Hemophilia is an inherited disorder that affects the body’s ability to produce one of two types of clotting factors: either factor VIII (8), which is hemophilia A (the most common type); or factor IX (9), which is hemophilia B.
“That inability to produce the coagulation factors creates a spectrum of bleeding symptoms that can range from severe and life-threatening, showing up early in life, to those that appear in a less dramatic way and can sometimes be missed by patients, families and medical professionals for years,” explains program Medical Director Dr. Shannon Jackson.
Patients are treated with a number of strategies including self-infusion of the clotting factors they are missing, or increasingly using novel treatments that provide protection from bleeding.
The program follows over 750 patients with bleeding disorders; about 350 of those patients have hemophilia. With an estimated 400-plus adult hemophilia patients in the province, the clinic endeavours to reach those who are undiagnosed or unreferred.

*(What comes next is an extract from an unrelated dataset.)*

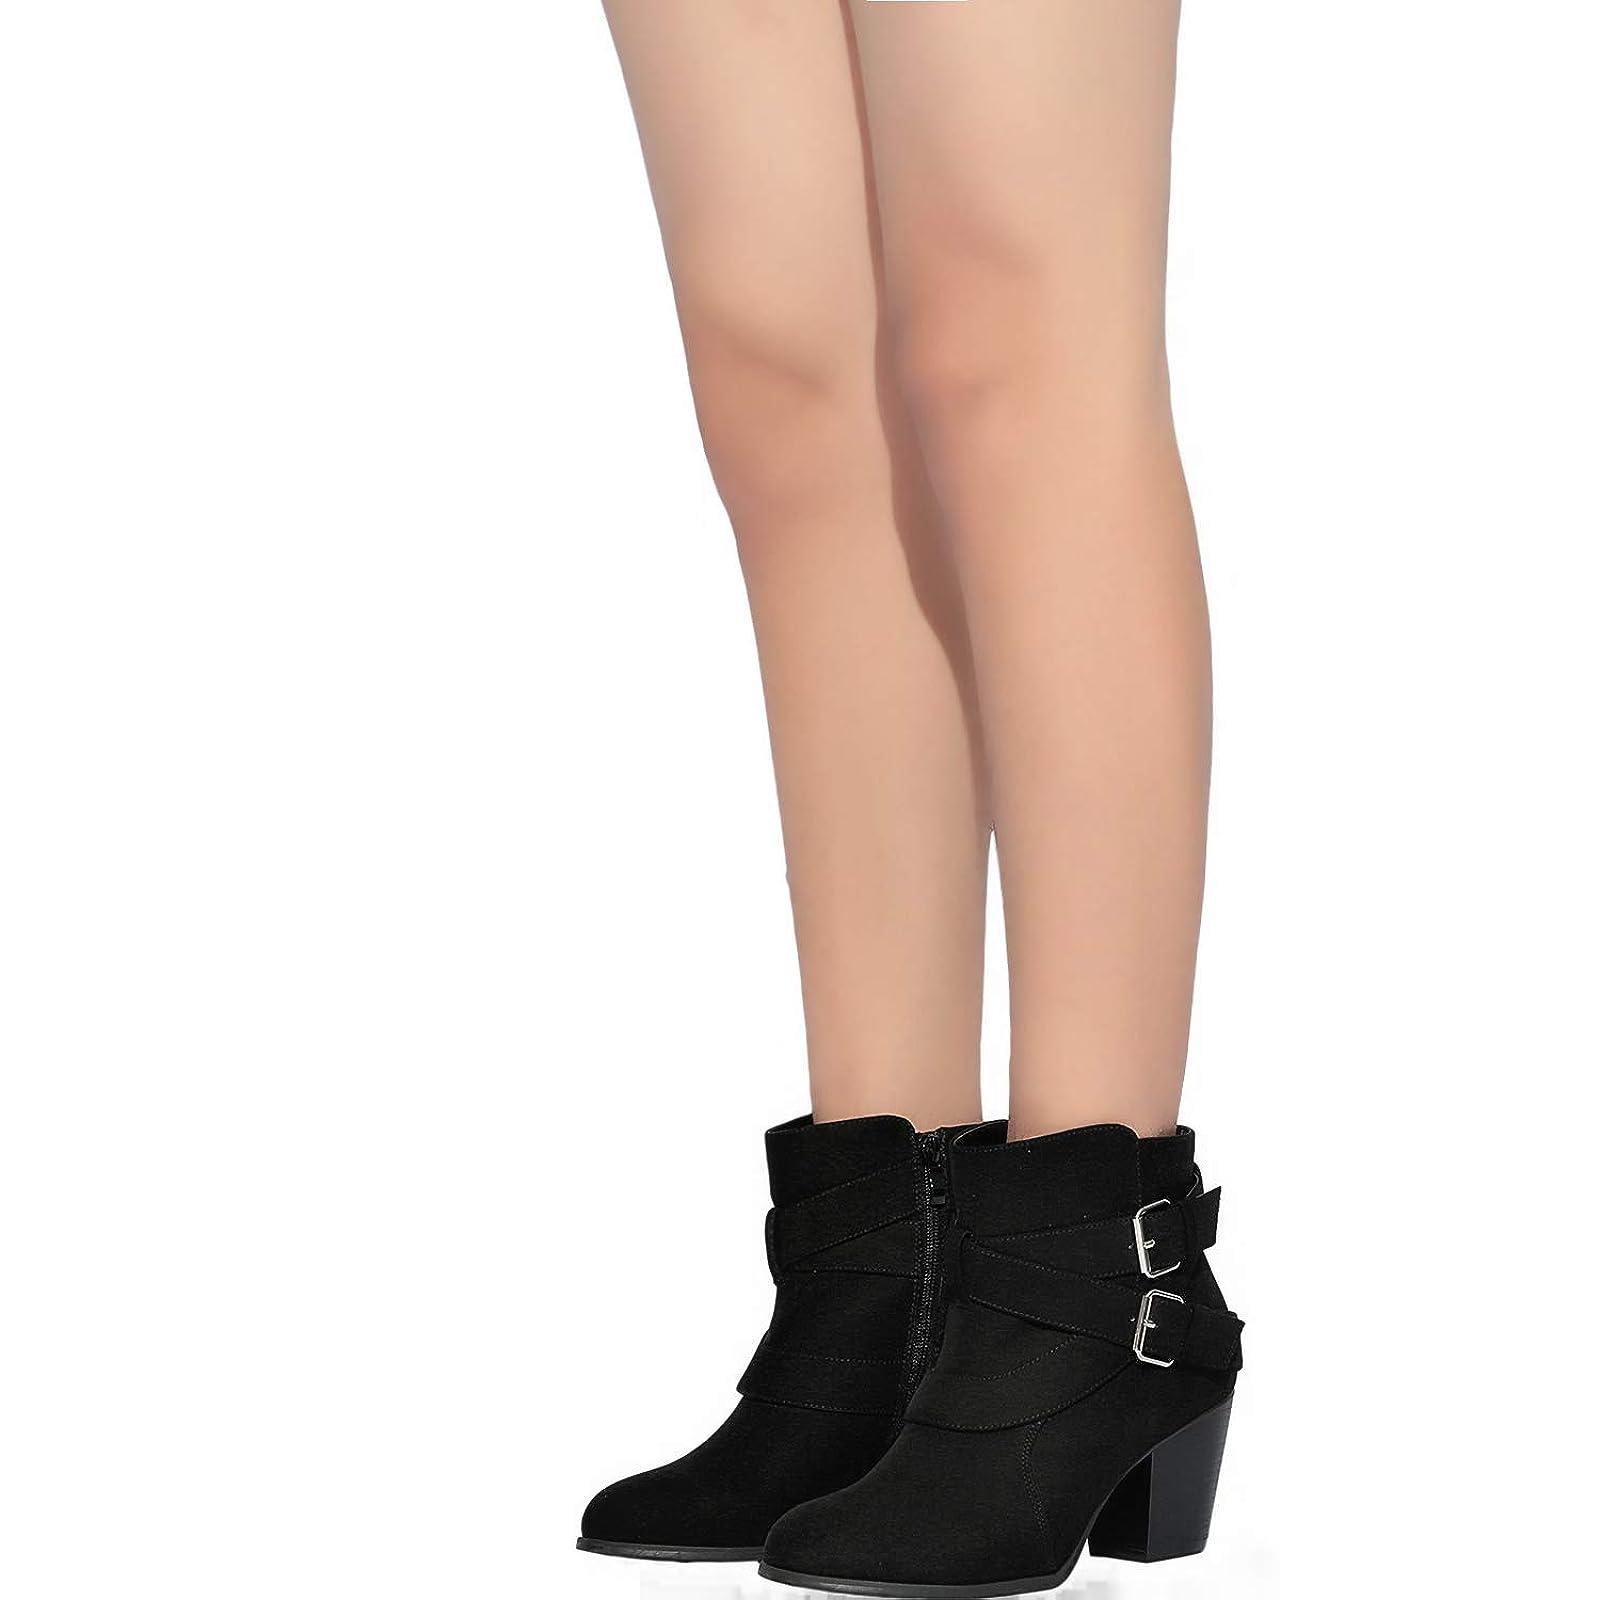 Luoika Women's Wide Width Ankle Boots - Black 10 XW US - 6

“Attention is needed quickly if bleeding occurs along with preventative care around major and minor procedures or injuries, regardless of whether patients have a severe or mild classification. Also, patients and care providers should be careful about the word ‘mild’ because it implies nothing bad can happen,” Dr. Jackson says. “But bad things can happen when patients with mild hemophilia experience bleeds and have no access to expert care. There are survival benefits for all patients with hemophilia attributed to having this model of care.”

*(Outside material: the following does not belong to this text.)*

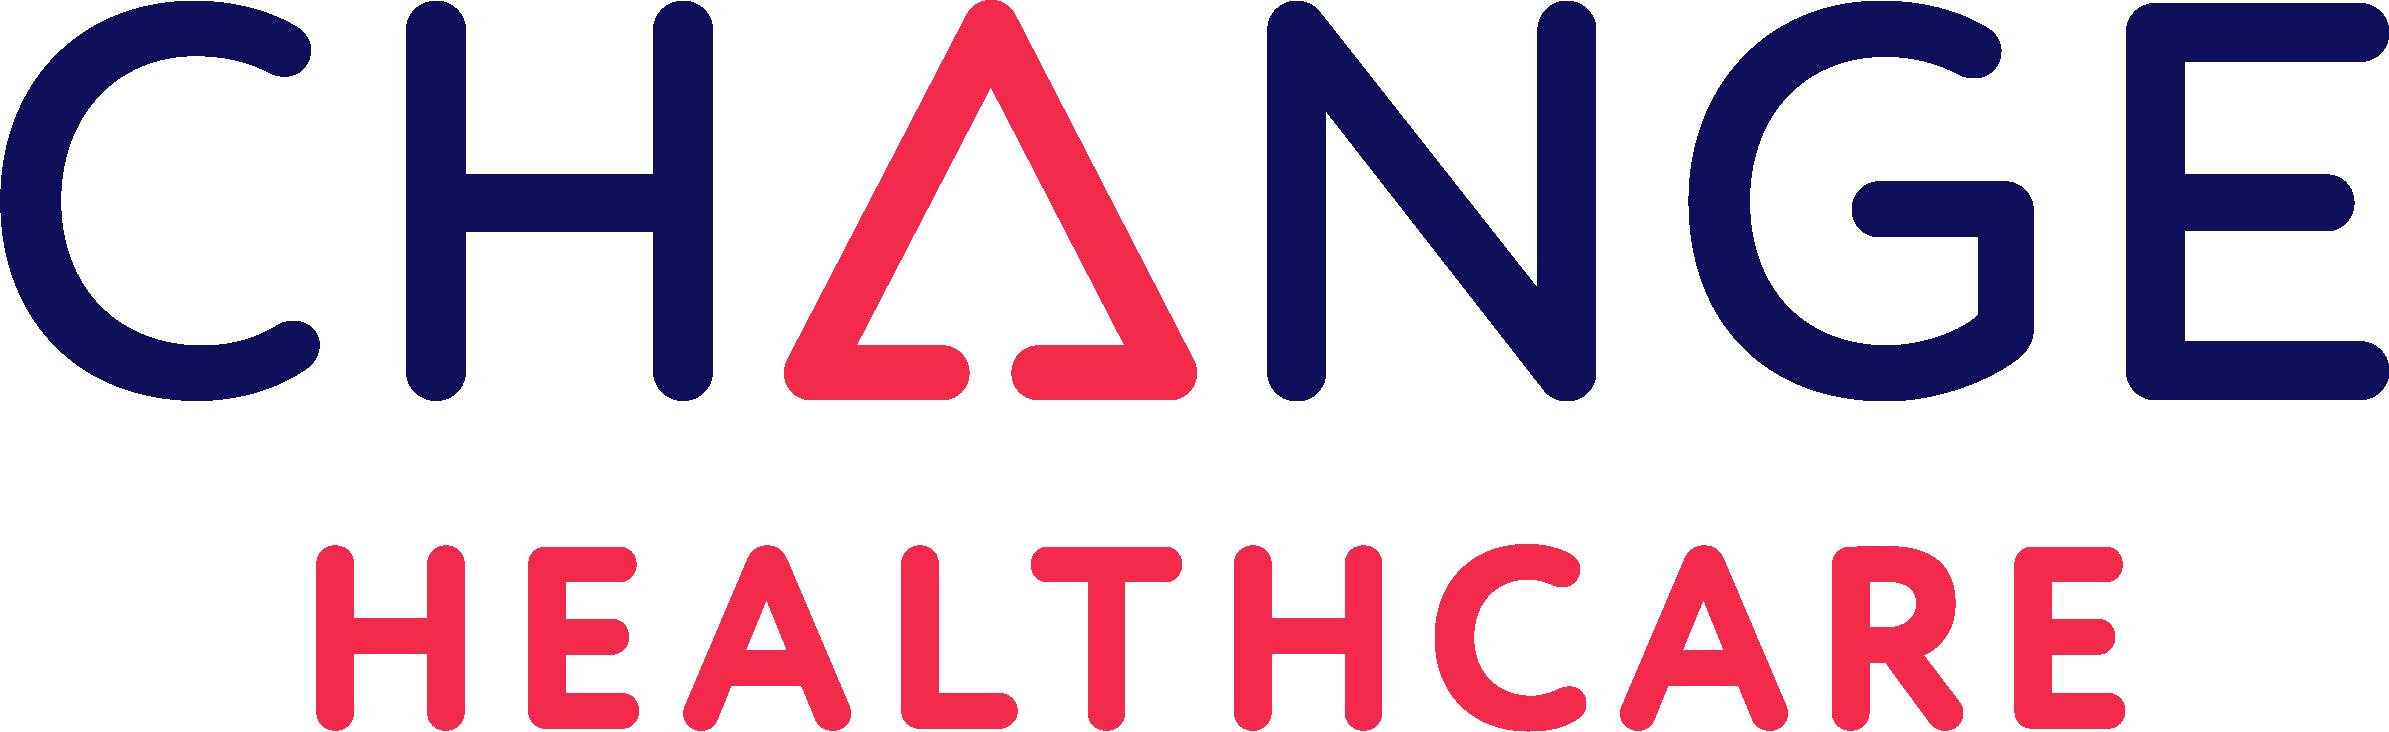 Change Healthcare logo 2017 (2)

‘Not even the same disease anymore’
Today, Thomas is treated with a new drug called Hemlibra which prevents or reduces the frequency of bleeding episodes. He orders the product through St. Paul’s and gives himself a weekly injection in the comfort of his own home.
While recovering from knee surgery, he’s also using something called Factor VIIa, a man-made protein used to stop bleeding of injuries by helping the blood to clot. He can administer this at home intravenously as needed.
Hemlibra, along with the use of Factor VIIa and the work of his care team at St. Paul’s, made it possible for Thomas to finally get his knee surgery. His inhibitor to Factor VIII (8) – the very factor in which he is deficient – had previously precluded him from undergoing surgery.
Although Thomas still has to exercise caution day to day, advancements in hemophilia research and therapies have been life-changing.
“Things have changed so much,” he says. “It’s not even the same disease anymore.”